En Question n°153 - juin 2025

Dialogue et Diversité : un espace de rencontres interculturelles par et pour des femmes à Bruxelles

Comment bâtir des ponts entre personnes de cultures et confessions différentes à Bruxelles ? Mari Sol Pérez Guevara raconte l’expérience transformatrice de Dialogue et Diversité, un espace de parole interculturel né après les attentats du 22 mars 2016.

crédit : Curated Lifestyle – Unsplash

Dimanche matin. Des femmes de Molenbeek, Auderghem, Uccle et d’autres communes de Bruxelles quittent leur domicile pour participer à la rencontre organisée par Dialogue et Diversité[1]. Qu’est-ce qui les motive à renoncer à une matinée en famille pour vivre une rencontre avec des femmes d’autres confessions religieuses, certaines inconnues, d’autres déjà amies de cœur ?

Le désir d’une rencontre en humanité, d’entamer une conversation profonde et pleine de sens avec des femmes que nous ne croiserions probablement pas dans nos activités quotidiennes et dont nous avons tant à apprendre, l’expérience de la sororité dans laquelle toute expression d’émotion est accueillie, l’atmosphère si chaleureuse qu’elle nourrit le corps… Les motivations sont variées, mais nous savons toutes que chaque rencontre de Dialogue et Diversité nous transforme en tant que personnes et que, d’une certaine manière, nos rencontres transforment aussi un peu le monde. 

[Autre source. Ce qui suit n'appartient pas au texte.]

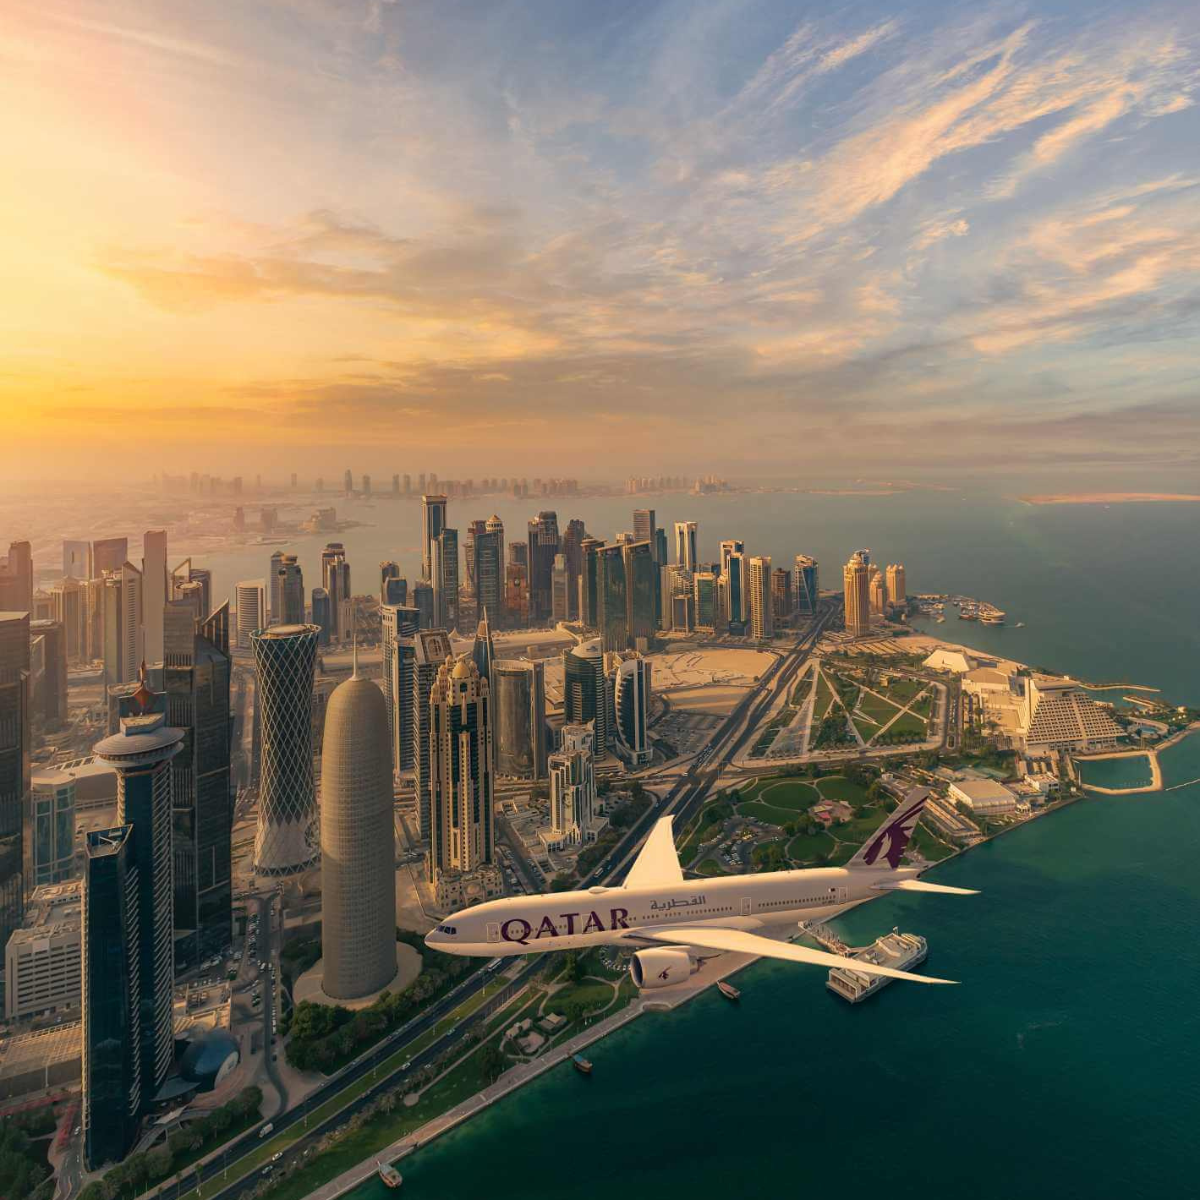 Qatar Airways - oneworld加盟航空会社 | oneworld

Le groupe a vu le jour après les attentats terroristes du 22 mars 2016 à Bruxelles. Deux amies, Nehama et Sharon, ont lancé l’initiative dans le cadre des activités du European Jewish Community Center[2]. Leur objectif était clair : créer des ponts entre les communautés, inviter à une rencontre accueillante qui permet de grandir dans la connaissance mutuelle. Le groupe a commencé en 2017 et, depuis lors, il n’a cessé de se réunir et de se transformer. Notre dernière rencontre, le 22 mars 2025, a consisté en un Iftar (rupture du jeûne musulman) auquel ont participé 50 femmes.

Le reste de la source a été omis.